Since the eSports tournaments did not have an Opta data feed, which the league uses for live games, Seedhouse said there was more human work involved in producing highlights compared to the primarily automated system for real life games.

The league ended the USL eCup a bit earlier than originally planned, for two reasons. Following the killing of George Floyd while in police custody in Minneapolis, the league paused the video games and began amplifying messages from players around the league, particularly black players.

“Given the social climate, the conversation on social media, it just seemed like the right thing to do, to dedicate resources towards education on racism and giving our athletes the platform for their voice, and not just play video games. We want to be really sensitive to what a lot of people in this country are going through,” Seedhouse noted.

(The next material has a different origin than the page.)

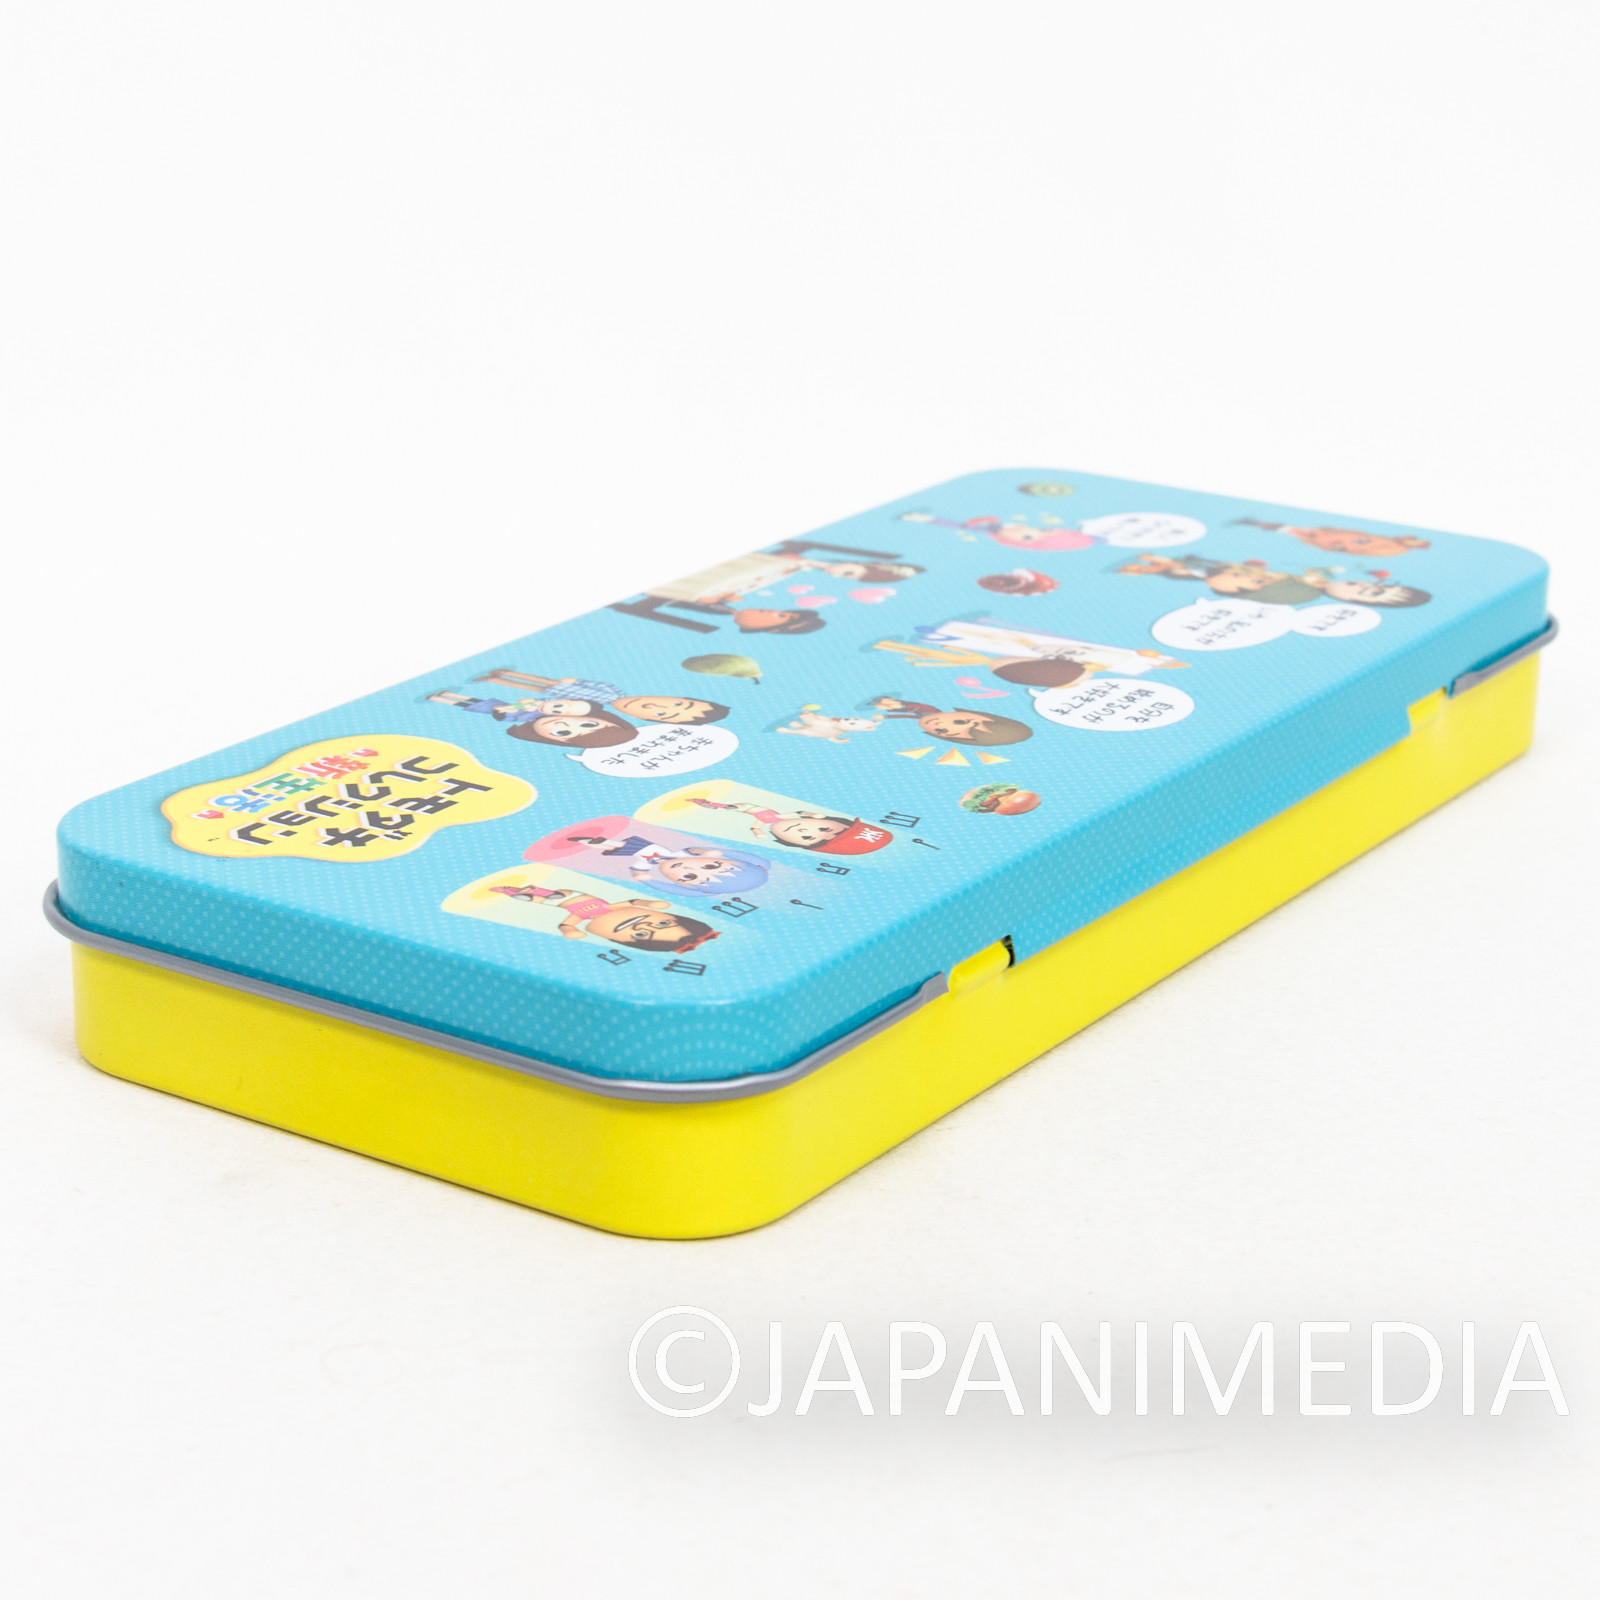 Tomodachi Collection Life Can Pen Case Nintendo DS Collection JAPAN

After the week of pause, the league ended the eCup because the USL Championship is tentatively planning to return to live games on July 11.

“We announced that we’ve concluded the eCup early just because we’re now planning to go back to the season,” she said. “Both League One and the Championship, our efforts for our clubs in the league has to be towards getting back and getting people excited.

“...So it really did serve a good purpose and we did all of our tournaments with a charity element as well, where teams would play locally for philanthropic effort, which has been great. But now soccer is our bread and butter and we’re really excited to get back to it,” Seedhouse added.

While the unusual time left the league to try something different, on a new timeline, Seedhouse said the initial reaction to the first foray into eSports was overall successful.

“It was good. I think our fans were really excited there was something. The adoption wasn’t as high as traditional soccer because our fans are soccer fans, not eSports fans. But it was still really well received and I think our teams really got behind it and you would see players doing postgame press conferences in isolation. The players really got behind it, too, which I think is what made it extra special that we had these personalities and characters going above and beyond on social media, [to] bring it all together for us.”